Your goal
From the line that contains "Authentic Louis Vuitton" down to the last line of the listing below, reproduce each line exactly but not the pictures.

Collected data
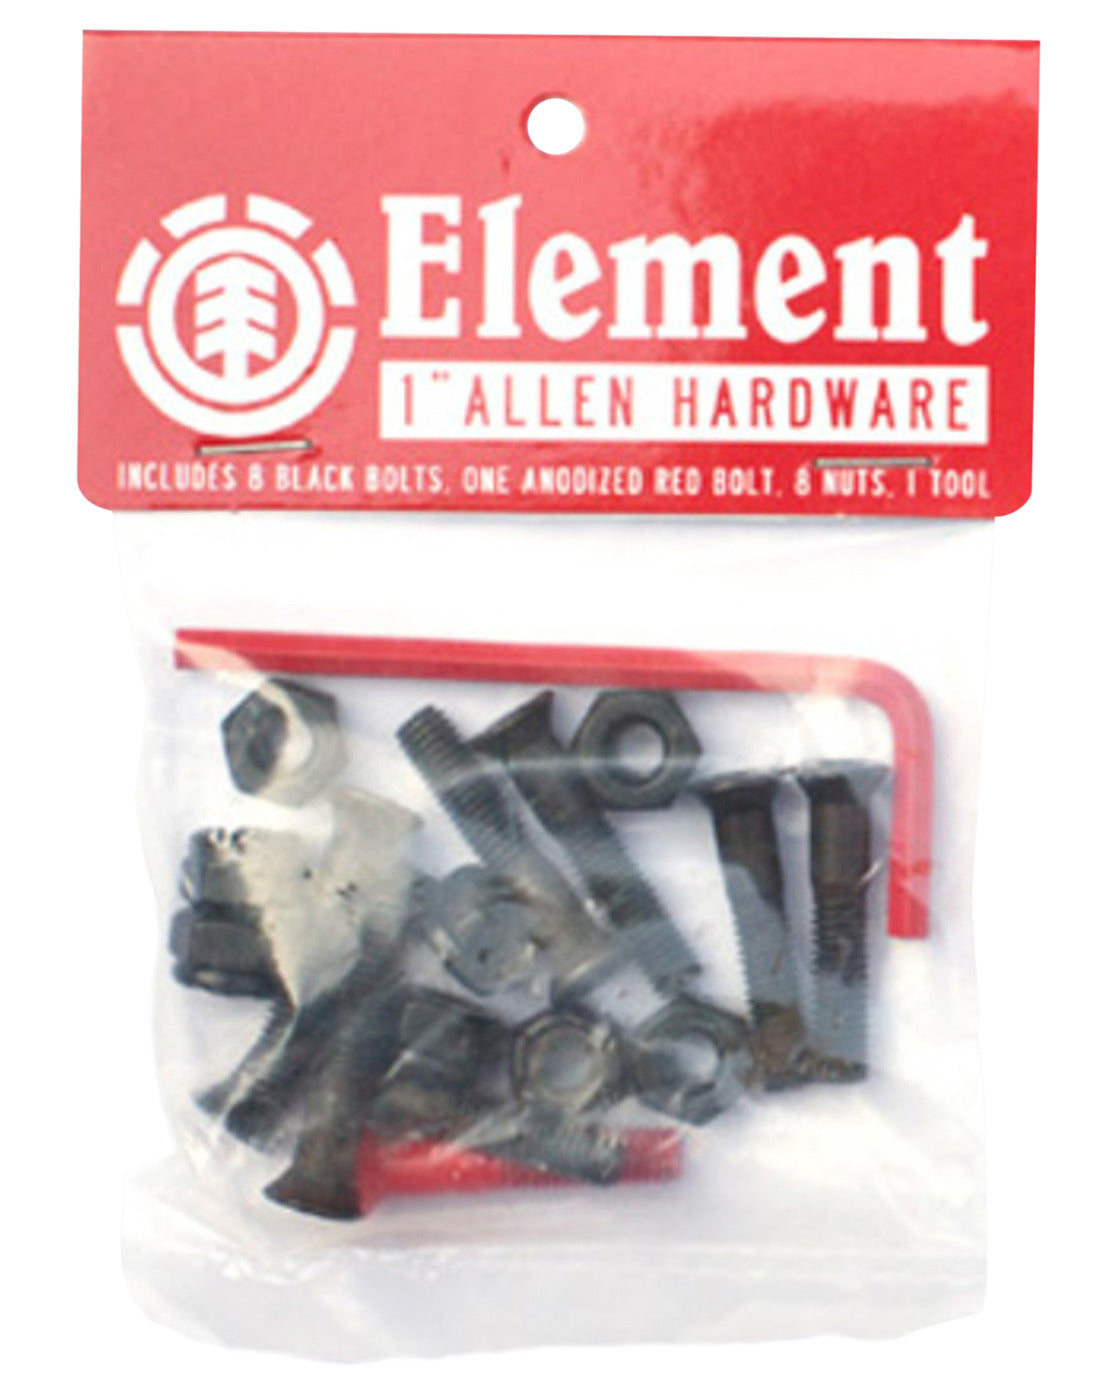 Element 1" Allen Hardware Bots & Nuts Q4AHA7ELF9
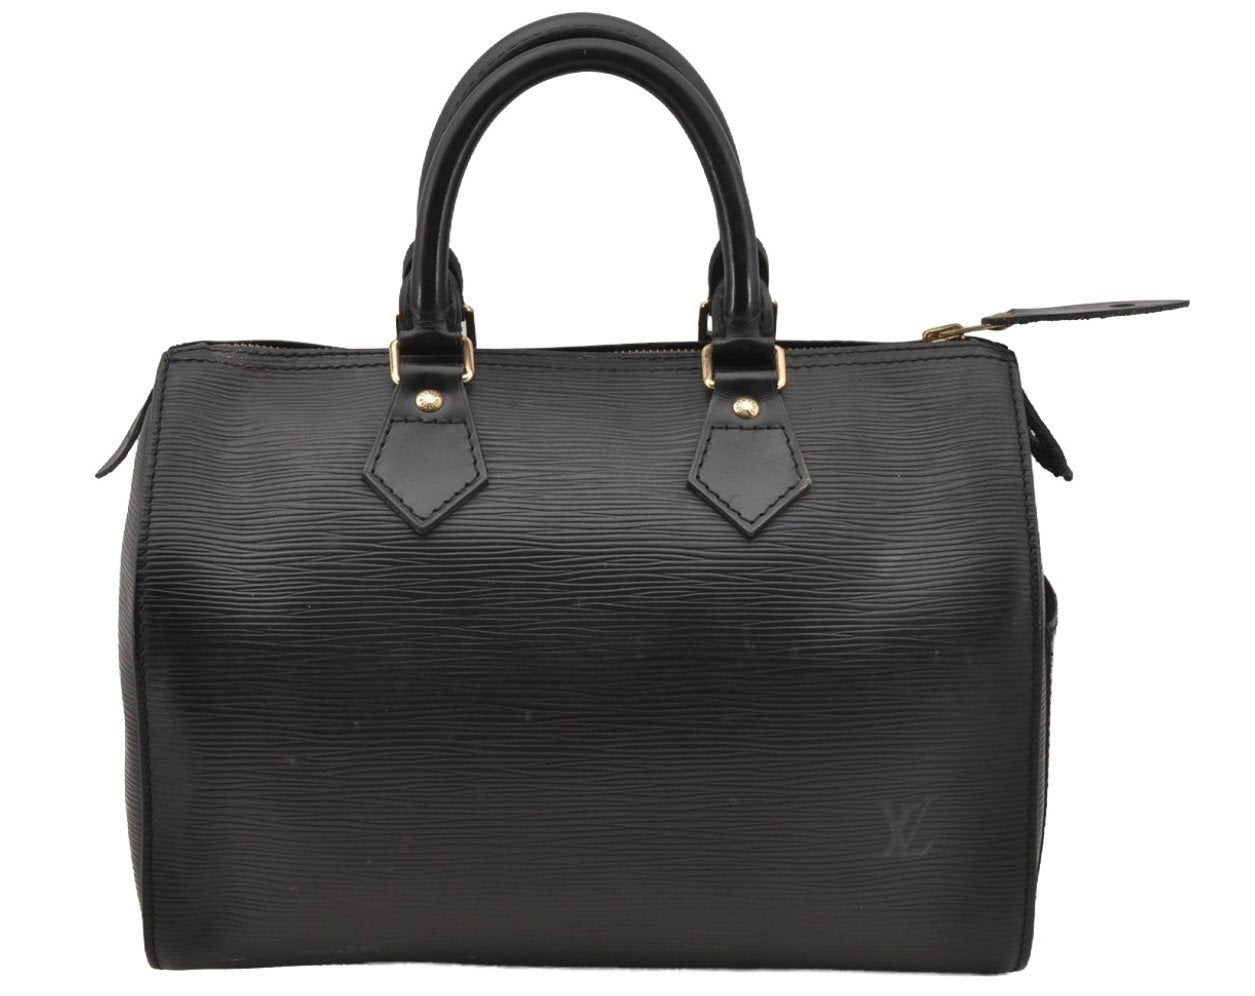 Authentic Louis Vuitton Epi Speedy 25 Hand Boston Bag Black M59032 LV 7957I
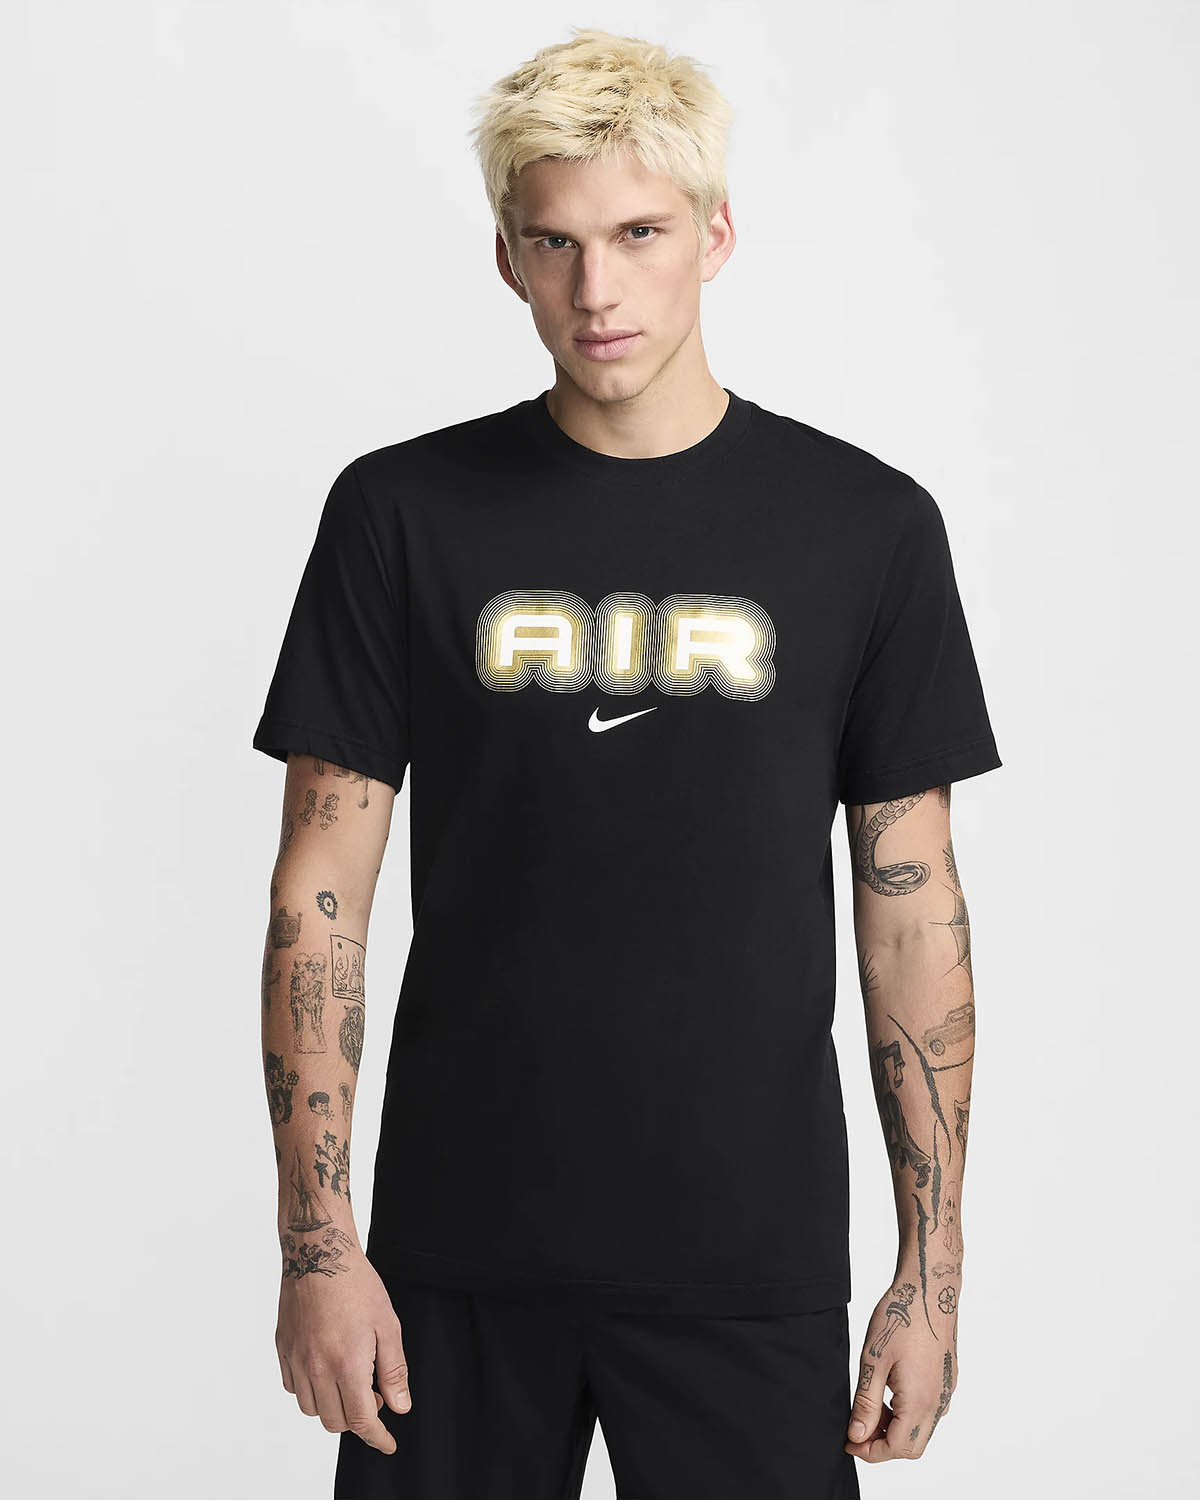 Nike Air T Shirt Black Metallic Gold 1

Expected answer
 Authentic Louis Vuitton Epi Speedy 25 Hand Boston Bag Black M59032 LV 7957I
 Nike Air T Shirt Black Metallic Gold 1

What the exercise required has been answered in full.